The following outcomes were assessed: all-cause revision, presence of ALTR at revision, any other reoperation, prosthetic joint infection, dislocation, periprosthetic fracture, and mortality. Revision surgery was defined as any change to a component of the arthroplasty (cup, head, and/or stem), while reoperation included any type of surgery not involving a change of component of the arthroplasty (for instance: arthroplasty irrigation/debridement, osteosynthesis, abductor reinsertion). ALTR was defined based on the perioperative findings and pathology report. Periprosthetic fracture included any fracture diagnosed postoperatively. Dislocation included any diagnosis for dislocation.

The following covariates were evaluated: age, sex, preoperative Body Mass Index (BMI), American Society Anaesthesiology (ASA) score, comorbidity count (beside osteoarthritis), diabetes (present or absent), smoking status (never vs. ever-smoker), diagnosis (primary vs. secondary osteoarthritis), stem fixation (cemented vs. uncemented), and Charnley score. Comorbidity count was classified in less than four or ≥ 4 [24]. Ever smokers included former and current smokers.

Patients included in the local hospital-based arthroplasty registry have their information on preoperative status and surgical intervention routinely documented by the operating surgeon on specific designed data collection forms. Information about co-morbidities is retrieved from anesthesia records and discharge summaries by a medical secretary. Outcomes (all-cause revision, any other reoperation, PJI, dislocation and periprosthetic fracture) are collected by the operating surgeon or during the telephone interview if performed outside of our hospital [25].

Continuous variables were assessed for normality and reported as mean with standard deviation and compared with the t-test. Categorical variables were reported as proportions. To compare the two bearing surface groups Pearson Chi-Square tests was used.

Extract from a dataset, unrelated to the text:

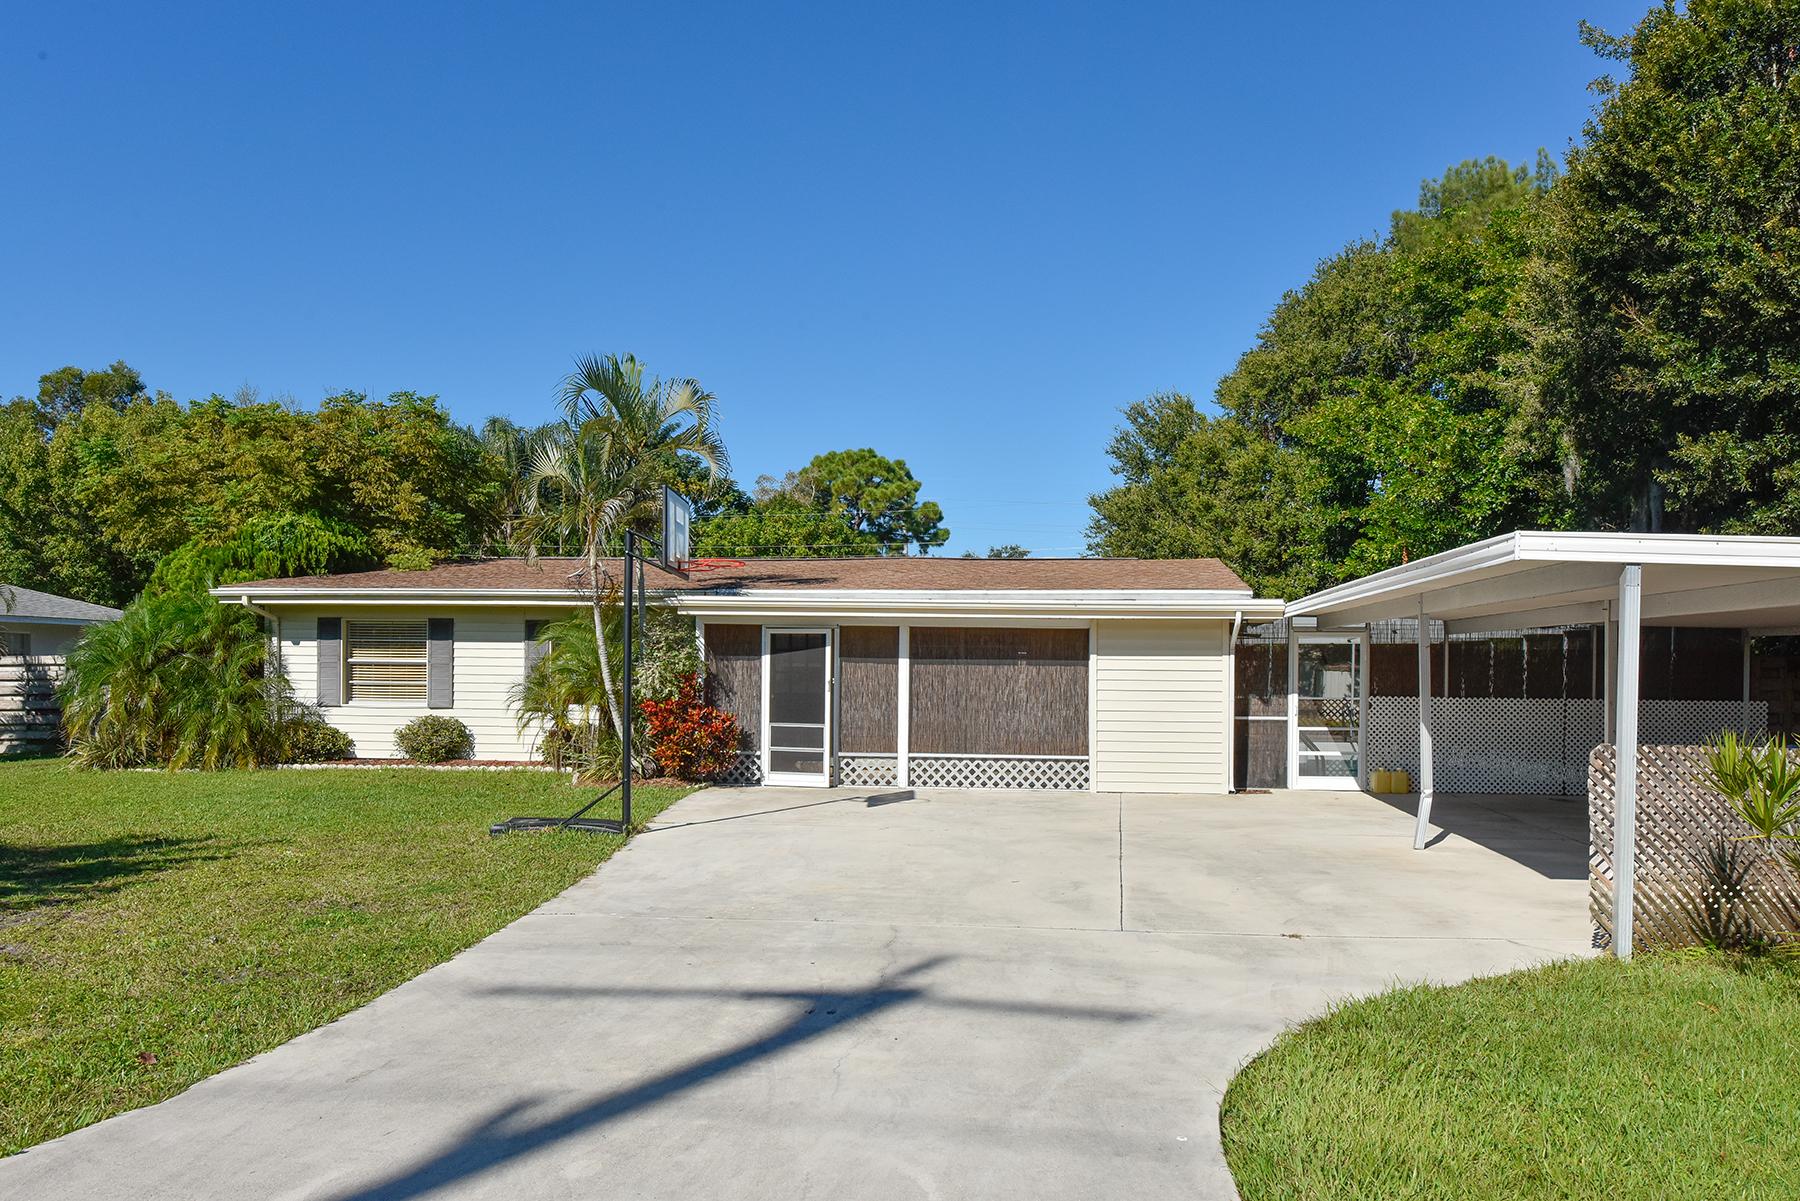 Casa Unifamiliar por un Venta en CLARK LAKES 5948 Mirror Lake Rd Sarasota, Florida, 34238 Estados Unidos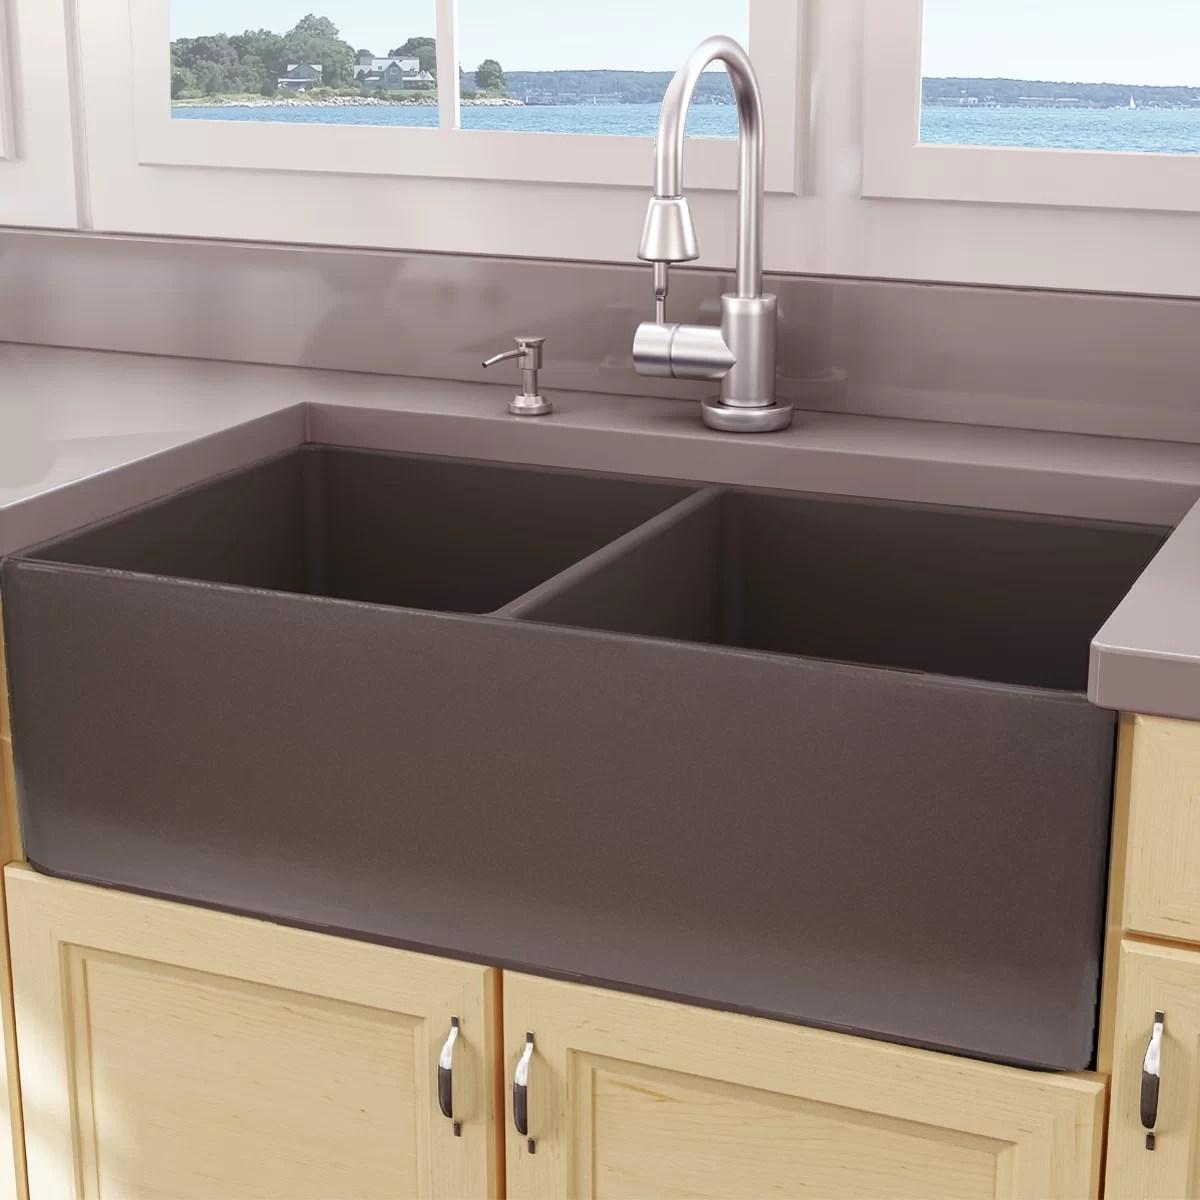 nantucket sinks cape 33 x 15 double bowl farmhouse on kitchens with farmhouse sinks id=80457

To compare the outcomes, incidences rates were calculated and expressed in person-years. The person-time for the outcomes was the length between date of surgery and the outcome, revision for any reason, loss of follow up, death, or end of follow up (December 31, 2022) whatever came first. Unadjusted and adjusted hazard ratios (HR) with 95% confidence intervals (CI) were calculated with a Cox regression model. Adjustment was performed for sex, age at surgery, diagnosis, type of stem fixation, number of diseases, BMI, ASA score and smoking status.

The cumulative risks of all-cause revision (CRR) were visualized by bearing surface using Kaplan-Meier analysis. Smoothed hazard estimates were obtained with their 95% CIs to evaluate whether the timing of the revisions differed between the two groups [26]. Hazard estimates quantify the immediate risk, in this case of all-cause revision, attached to an individual known to be alive at time t. All analysis were performed using a statistical package PASW statistics version 25 (Chicago: SPSS Inc.) and Stata version 17 (Stata Corp., College Station, Texas).